Biggest Marsden funding boost yet for Otago uni researchers

Associate Prof Sian Halcrow (left) and research associate Dr Melanie Miller at the University of Otago anatomy department. Photo: Gregor Richardson
Associate Prof Sian Halcrow (left) and research associate Dr Melanie Miller at the University of Otago anatomy department. Photo: Gregor Richardson
University of Otago researchers are celebrating after gaining $28.5million in the latest Marsden Fund round.

It is the university's greatest success in this highly competitive grant process.

This year, Otago researchers were funded for 41 research projects, including $300,000 Fast Start grants for early-career researchers, well up on Otago's $24million for 33 projects last year.
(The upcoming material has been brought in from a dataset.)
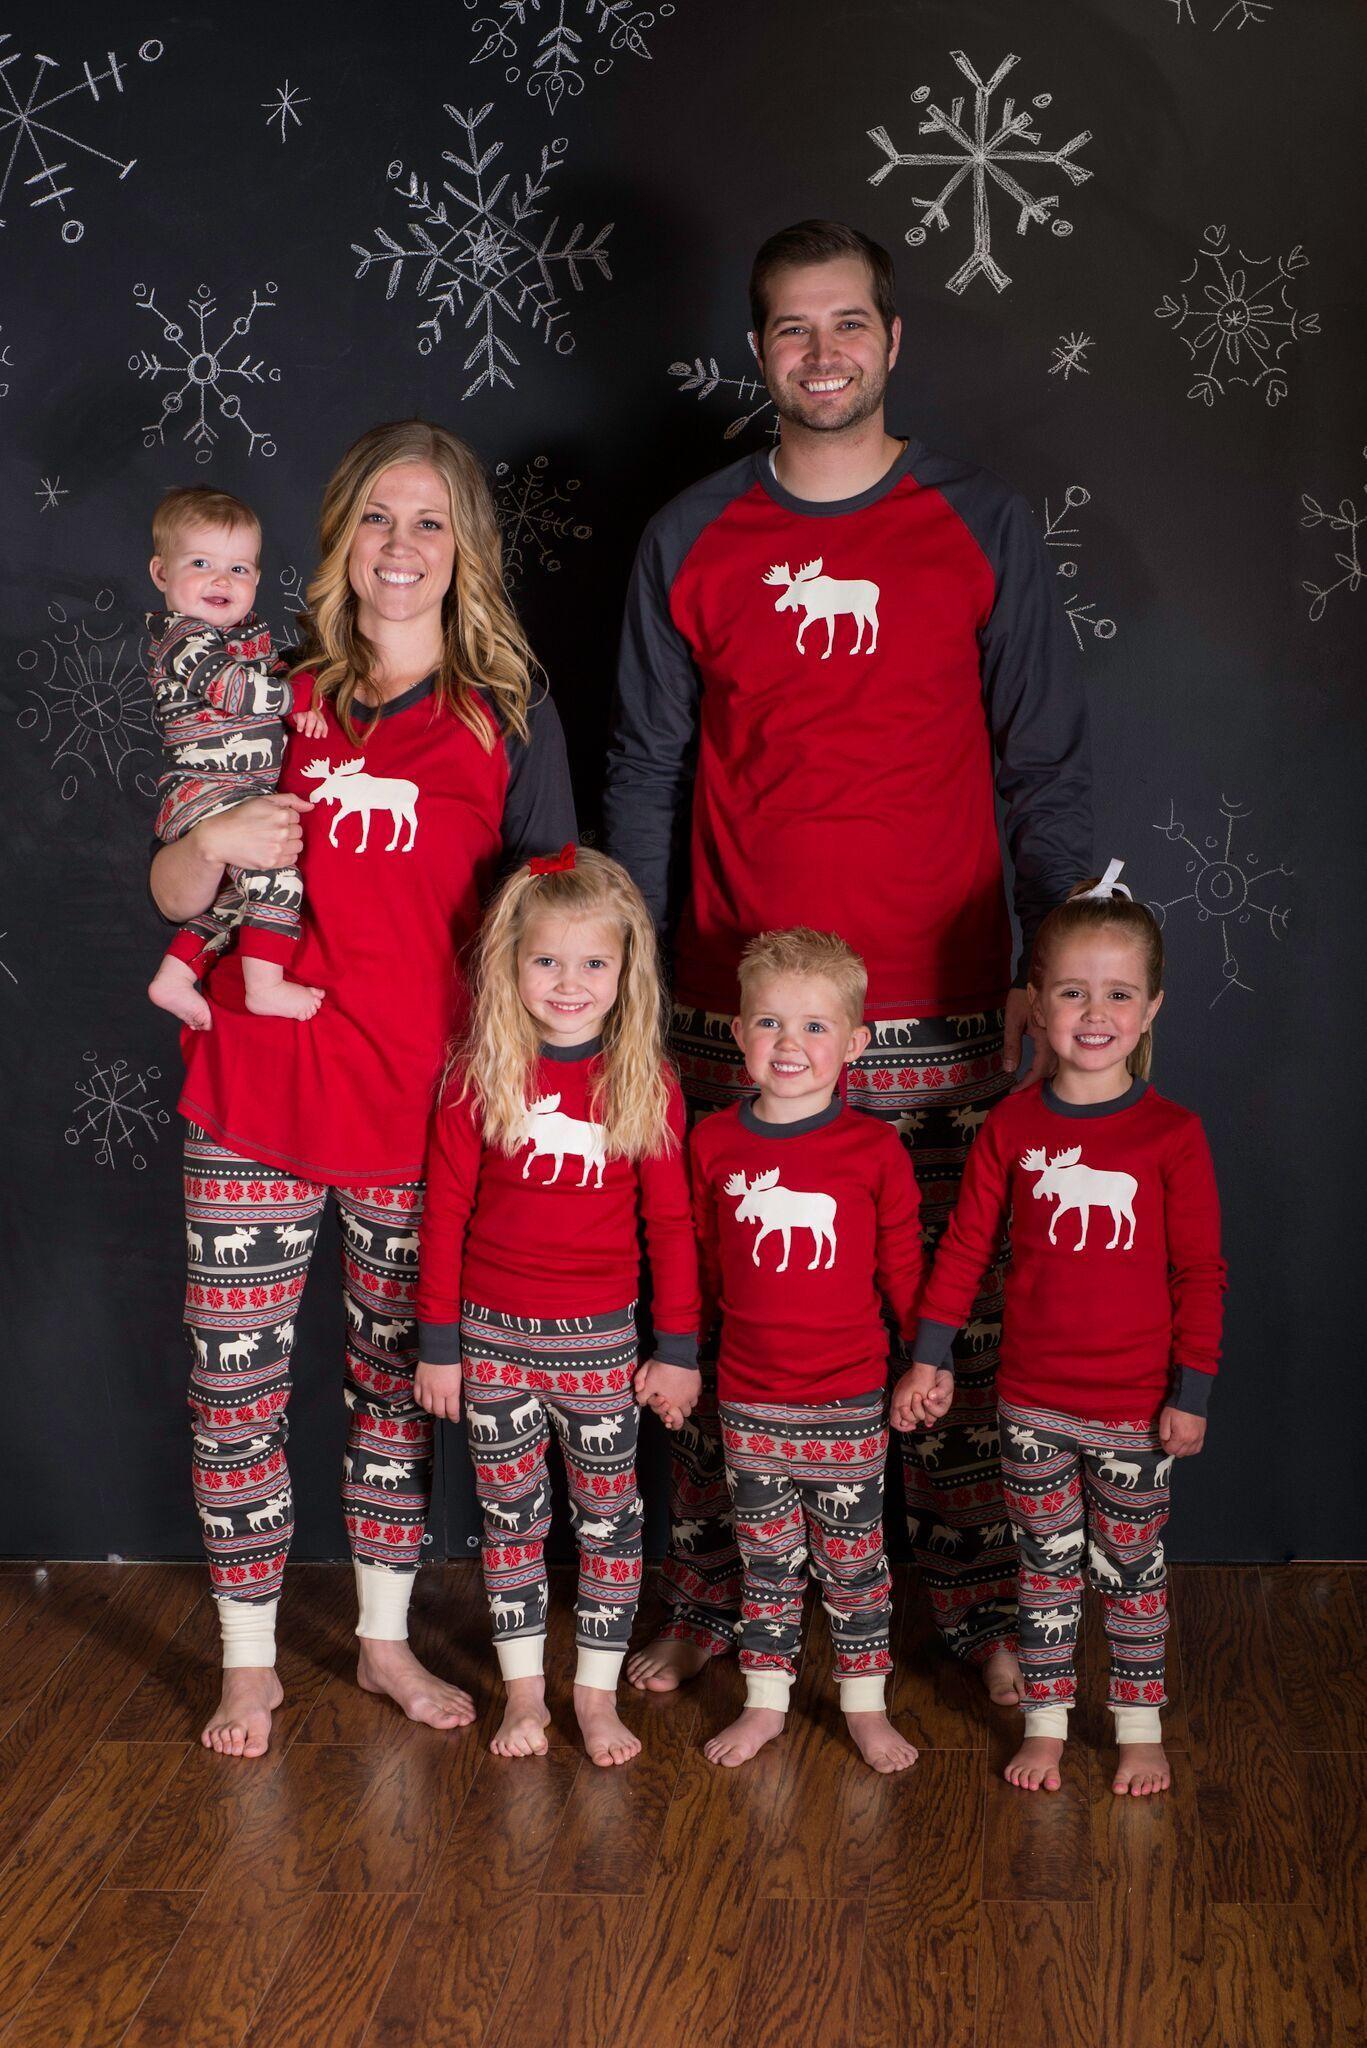 Moose Fair PJ's Family christmas pajamas, Matching
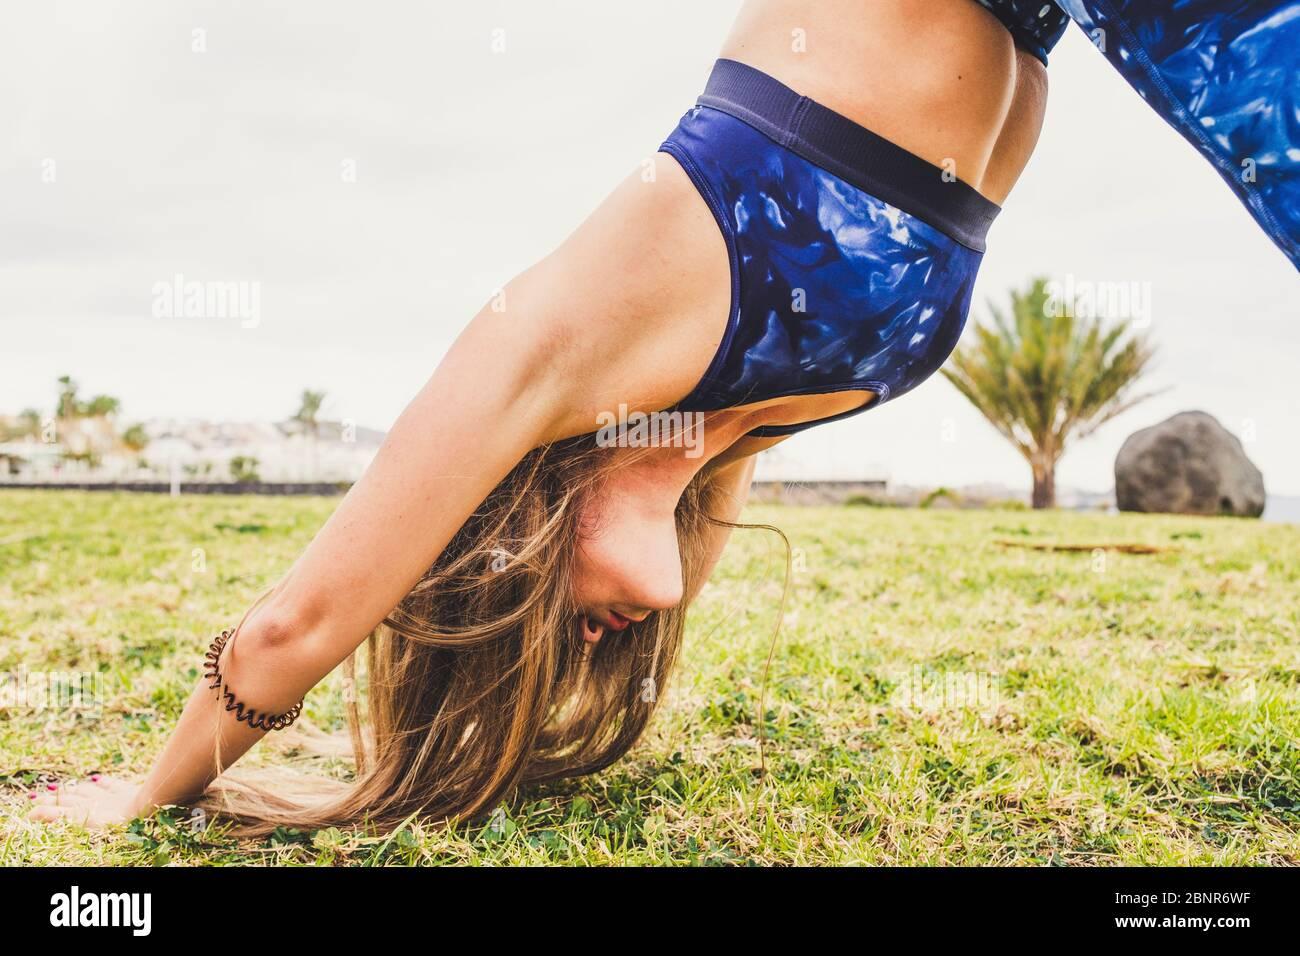 Gros plan de la forme physique saine femme dans le sport Pilates activité au parc sur la nature verte prairie - les gens et l'entraînement outdor - le style de vie actif pour la jeune femme avec les cheveux longs Banque D'Images

Associate Prof Sian Halcrow, of the anatomy department, was yesterday ''very, very happy'' to receive $826,000, over three years, to study the ''impacts of social inequality on human health in ancient China''.

The funding would meet overall costs and support the work of associate investigator Dr Melanie Miller, Prof Halcrow said.

The study covered the period 5000BC to AD2020 and was the ''first New Zealand-run bioarchaeological project in China''.

The Otago researchers would work closely with Chinese and other international colleagues to assess health and diet in large skeletal samples.

Social inequality had ''significant repercussions'' for nearly half the world's population who now lived in poverty, ''affecting women and children most severely''.

The overall funded Otago research was broad and varied.

Vice-chancellor Harlene Hayne will receive $827,000 to investigate how judicial instructions and questions influence jurors.

The project aims to develop better processes to help juries evaluate the evidence before them, and to use that evidence to reach a just verdict.

Palaeontologist Prof Ewan Fordyce, of the geology department, received $928,000 to investigate a ''global dark age'' in whale evolution, 23-20 million years ago, about which little was known.

South Island fieldwork had recovered unprepared whale fossils of the right age and investigations would be made, he said.